Tutorial on NYU HPC(High Performance Computer)
In modern research, High Performance Computing (HPC) has become an indispensable tool, especially in fields requiring the processing of large datasets or the undertaking of complex simulations. NYU’s HPC resources provide powerful computing capabilities to help researchers and students accelerate their research.
This tutorial is designed to guide both beginners and experienced users on how to effectively utilize NYU’s HPC facilities.
A special focus will be given to working with Singularity containers and overlay images, which are crucial for ensuring that your computing environment is both flexible and reproducible.

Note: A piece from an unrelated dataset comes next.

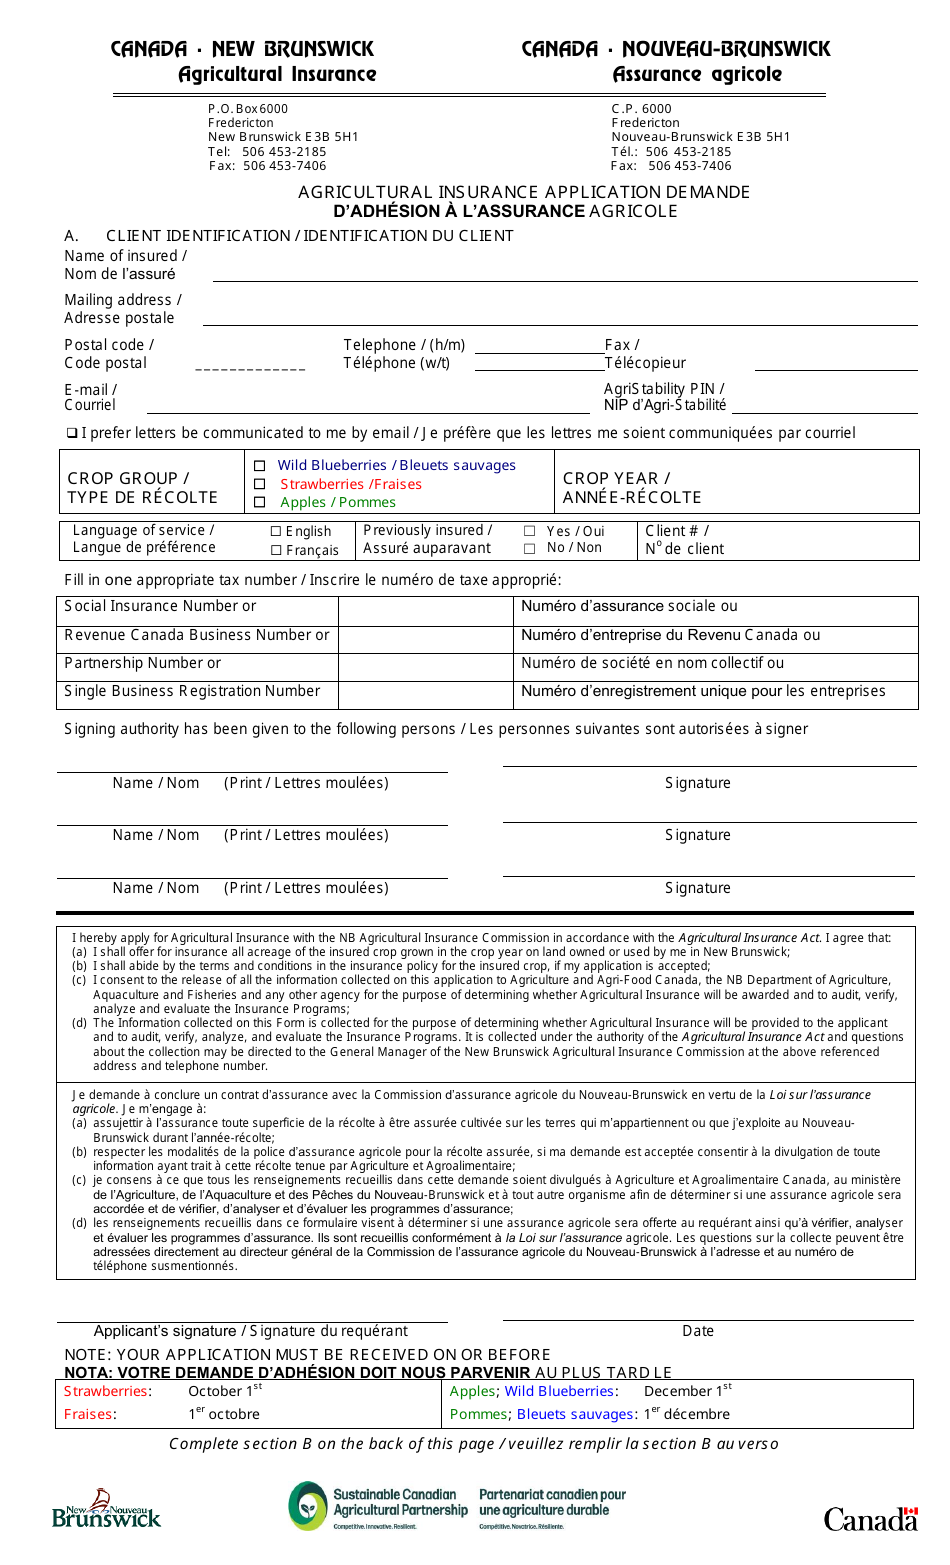 Agricultural Insurance Application - Wild Blueberries / Strawberries / Apples - New Brunswick, Canada (English / French), Page 1

1. Create dir for all overlay images
mkdir /scratch/$USER/overlay_images
cd /scratch/$USER/overlay_images
2. Browse and copy an appropriate gzipped overlay images from the overlay directory
# browse all overlay images
ls /scratch/work/public/overlay-fs-ext3
# copy a suitable one for your environment
cp -rp /scratch/work/public/overlay-fs-ext3/overlay-50G-10M.ext3.gz .
gunzip overlay-50G-10M.ext3.gz # unzip might take a while on login node
# rename that image to your project
mv overlay-50G-10M.ext3 my_pytorch.ext3
3. Browse and find the appropriate Singularity container
# browse all singularity containers
ls /scratch/work/public/singularity/
4. Start an interactive job with adequate compute and memory resources, launch singularity container in read/write mode (with the :rw flag) to install packages.
srun --cpus-per-task=2 --mem=10GB --time=04:00:00 --pty /bin/bash
# wait to be assigned a node
singularity exec --nv --overlay my_pytorch.ext3:rw /scratch/work/public/singularity/cuda11.6.124-cudnn8.4.0.27-devel-ubuntu20.04.4.sif /bin/bash
5. Install Miniconda and create a wrapper script
wget https://repo.continuum.io/miniconda/Miniconda3-latest-Linux-x86_64.sh
bash Miniconda3-latest-Linux-x86_64.sh -b -p /ext3/miniconda3
rm Miniconda3-latest-Linux-x86_64.sh # if you don't need this file any longer
vim /ext3/env.sh
paste the following codes in env.sh
#!/bin/bash
source /ext3/miniconda3/etc/profile.d/conda.sh
export PATH=/ext3/miniconda3/bin:$PATH
export PYTHONPATH=/ext3/miniconda3/bin:$PATH
6. Create conda virtual environment and Install packages
conda create -n myenv python=3.10
conda activate myenv
pip install -r requirements.txt # install dependencies
exit # exit that singularity container after finish
exit # exit that assigned computation node
7. (After setting up the env) Run that singularity using slurm
create sbatch file:
vim my_sbatch.sbatch
paste the following script:
#!/bin/bash
#SBATCH --nodes=1
#SBATCH --ntasks-per-node=1
#SBATCH --cpus-per-task=32
#SBATCH --time=24:00:00
#SBATCH --mem=128GB
#SBATCH --gres=gpu:a100:4
#SBATCH --job-name=My_project
#SBATCH --output=python-hello-world.out
module purge
singularity exec --nv \
--overlay /scratch/$USER/overlay_images/my_pytorch.ext3:ro \
/scratch/work/public/singularity/cuda11.3.0-cudnn8-devel-ubuntu20.04.sif\
/bin/bash -c "source /ext3/env.sh; conda activate myenv; cd /scratch/$USER/myProject/;nohup python training.py &"
submit that job to slurm:
sbatch my_sbatch.sbatch
8. Check job status
squeue -u $USER